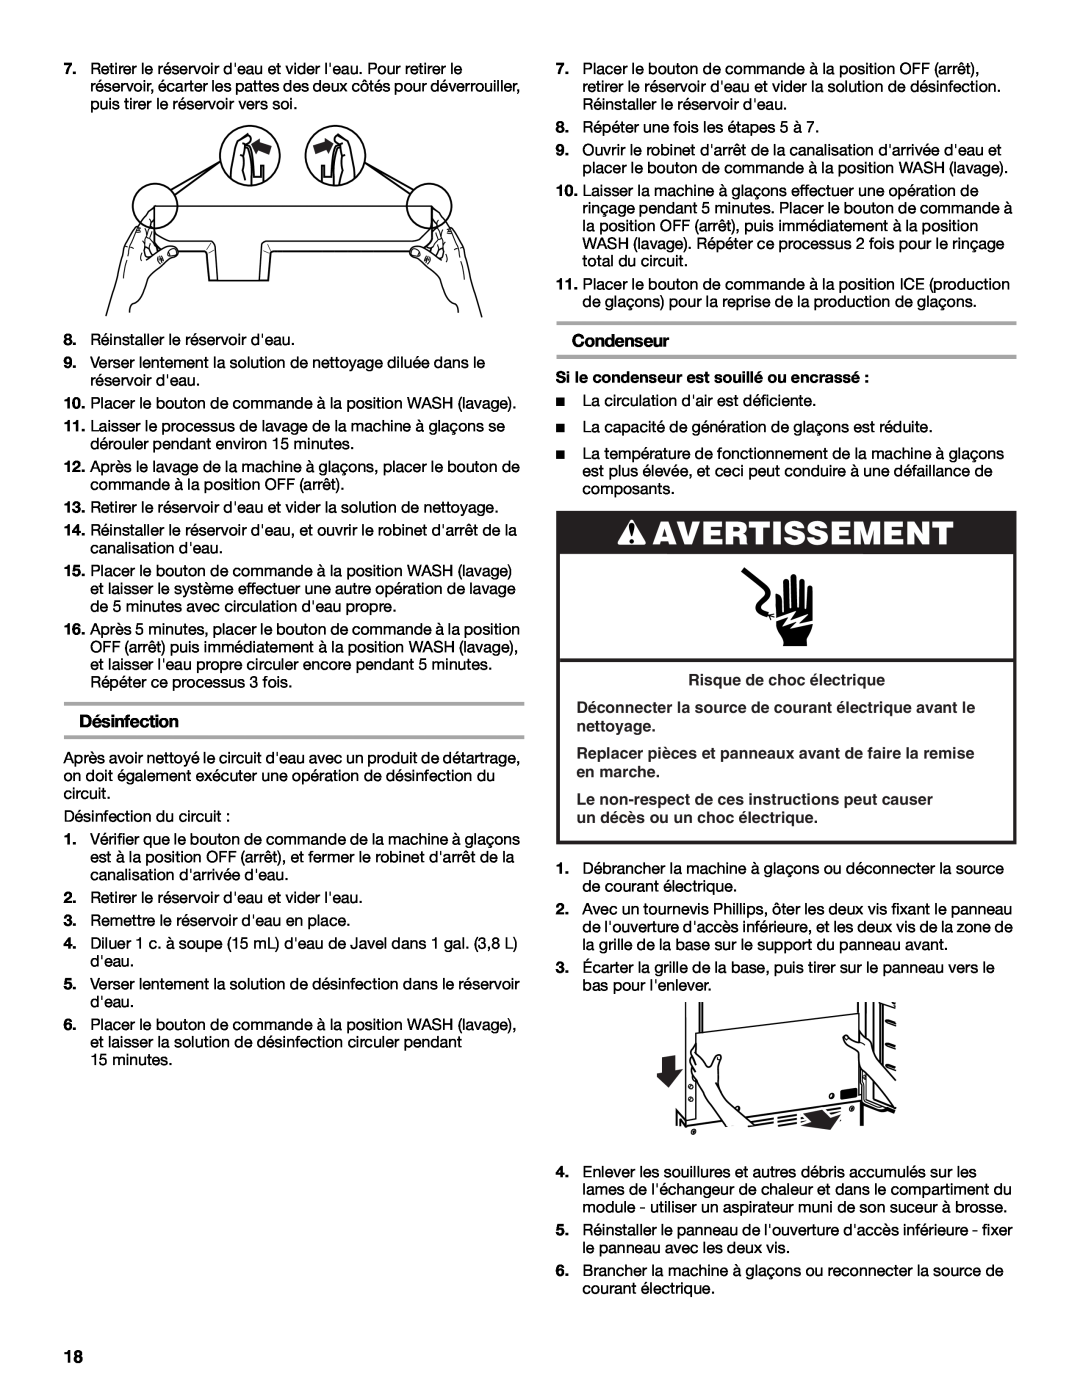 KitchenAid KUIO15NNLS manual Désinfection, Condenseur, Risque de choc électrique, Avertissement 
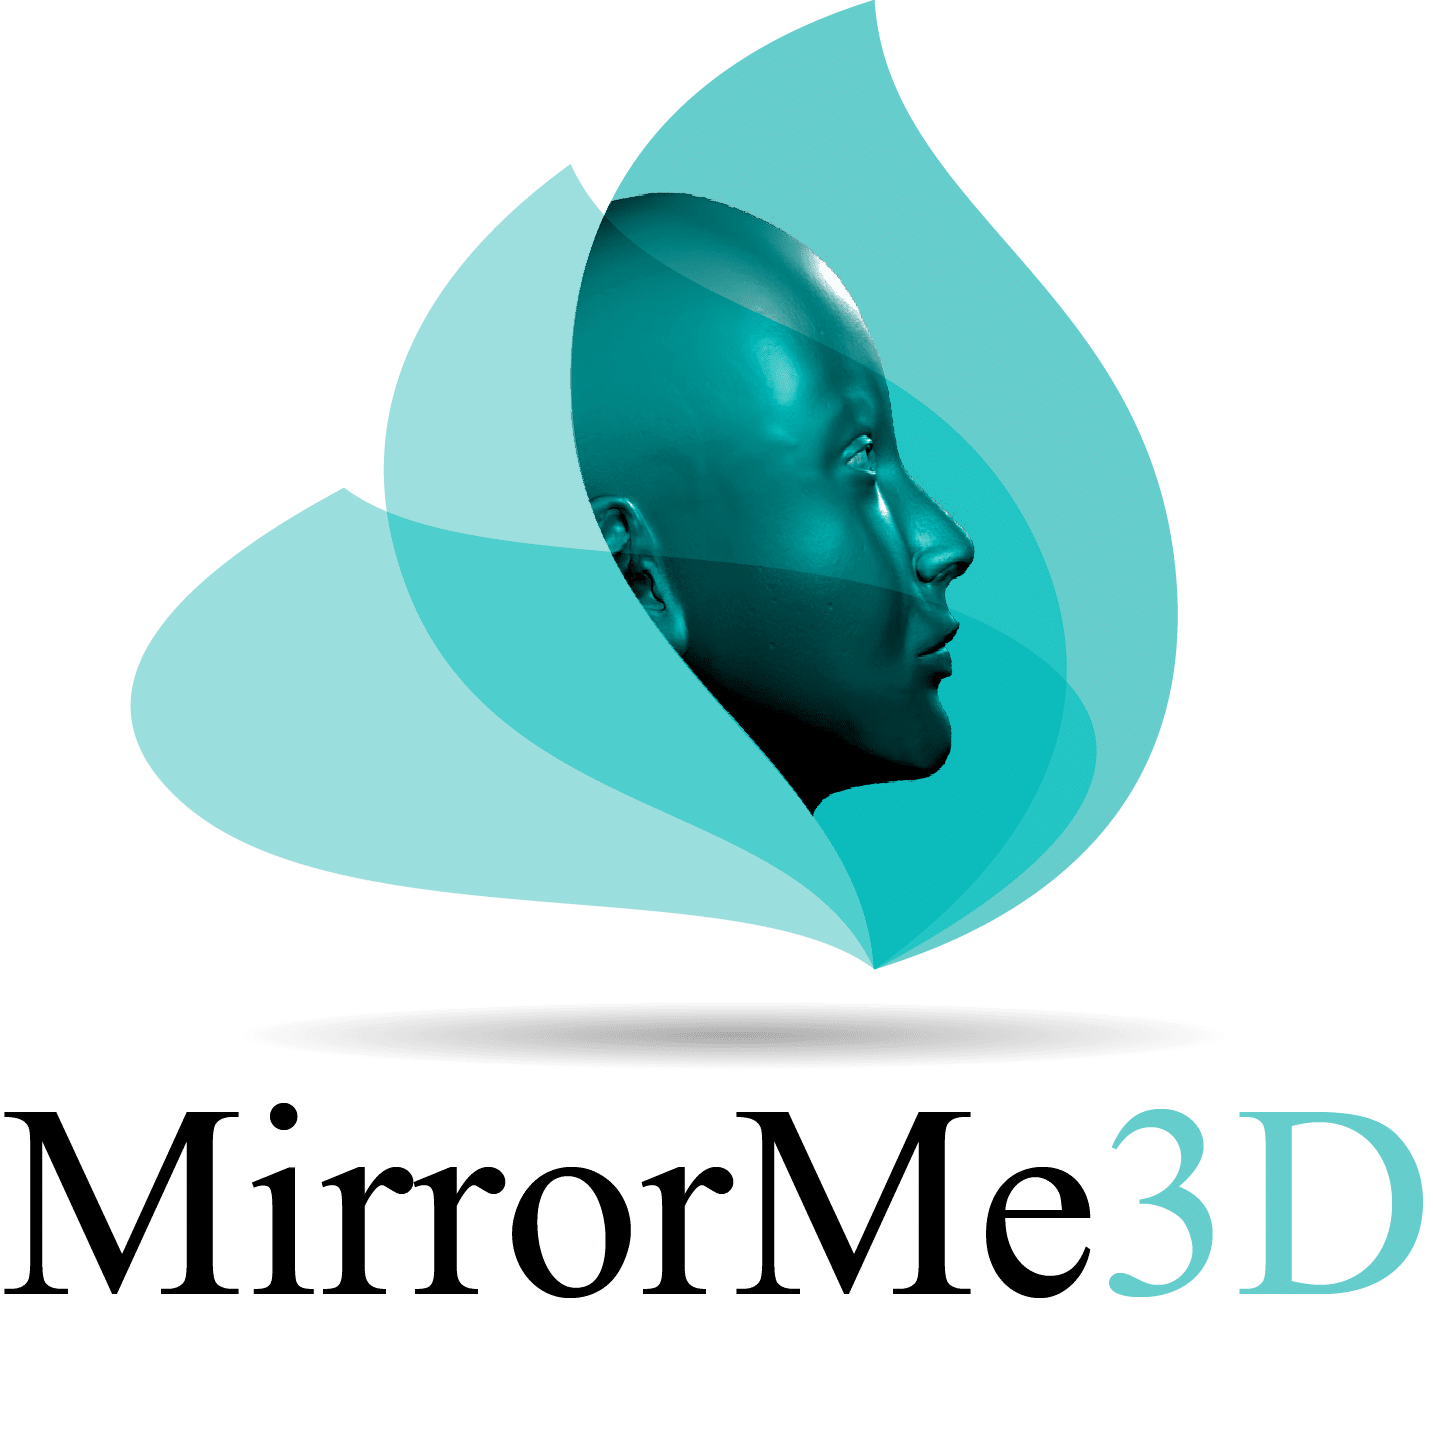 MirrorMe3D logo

==

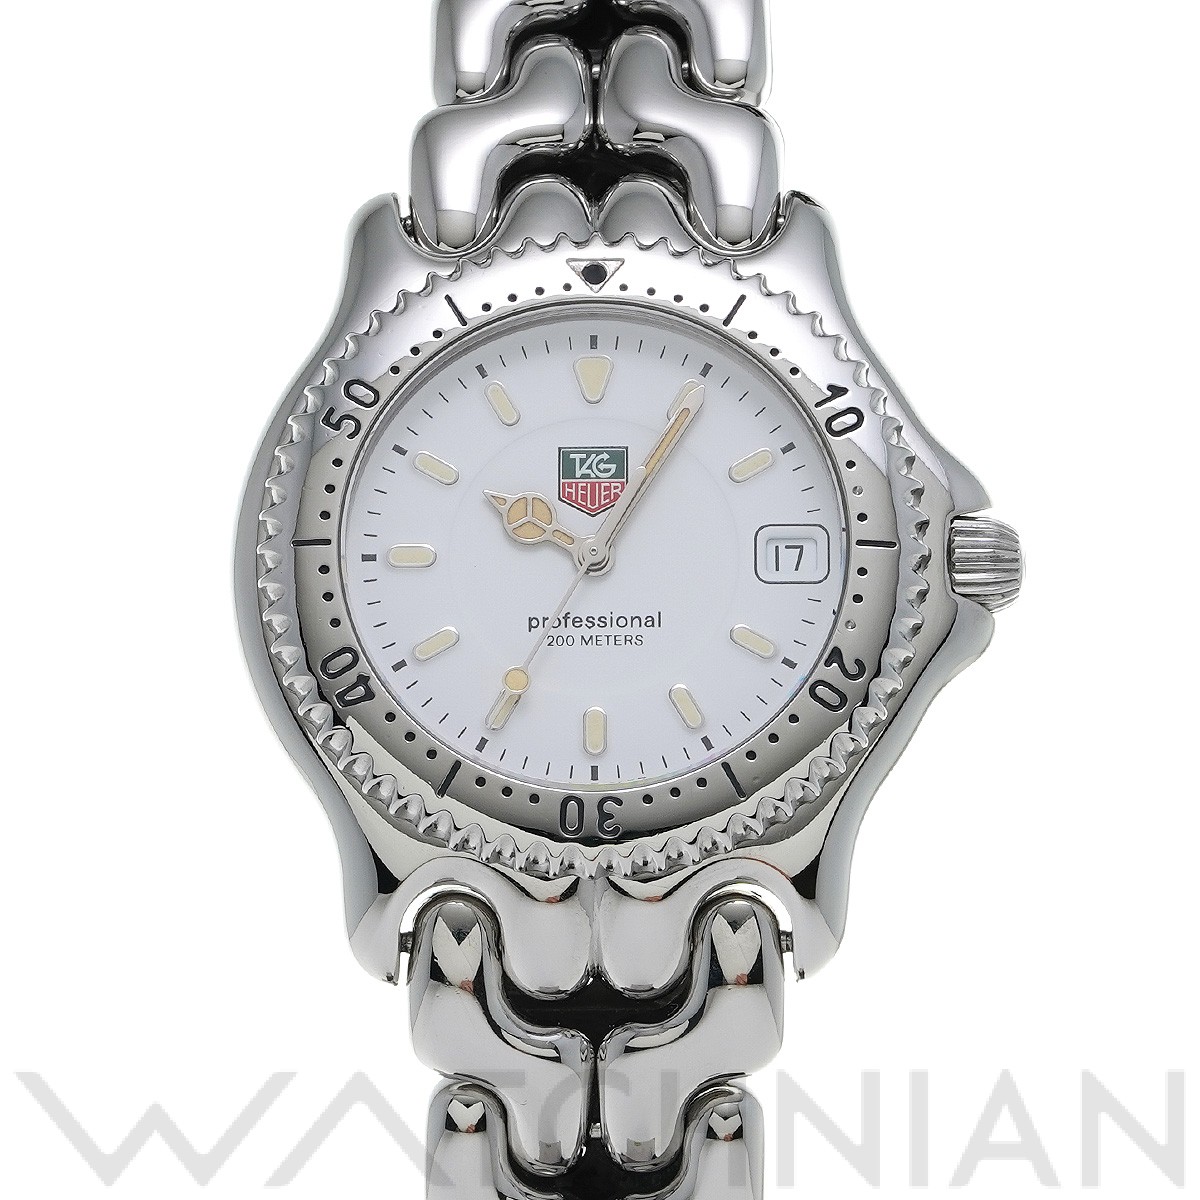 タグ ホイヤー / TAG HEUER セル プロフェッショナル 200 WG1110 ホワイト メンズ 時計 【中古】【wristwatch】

— Work order —
Within these entries, output exactly the lines starting at the one with "KitchenAid KUIO15NNLS manual" and finishing at the one with "MirrorMe3D logo". Leave pictures out of the output.

— Finished exercise —
 KitchenAid KUIO15NNLS manual Désinfection, Condenseur, Risque de choc électrique, Avertissement 
 MirrorMe3D logo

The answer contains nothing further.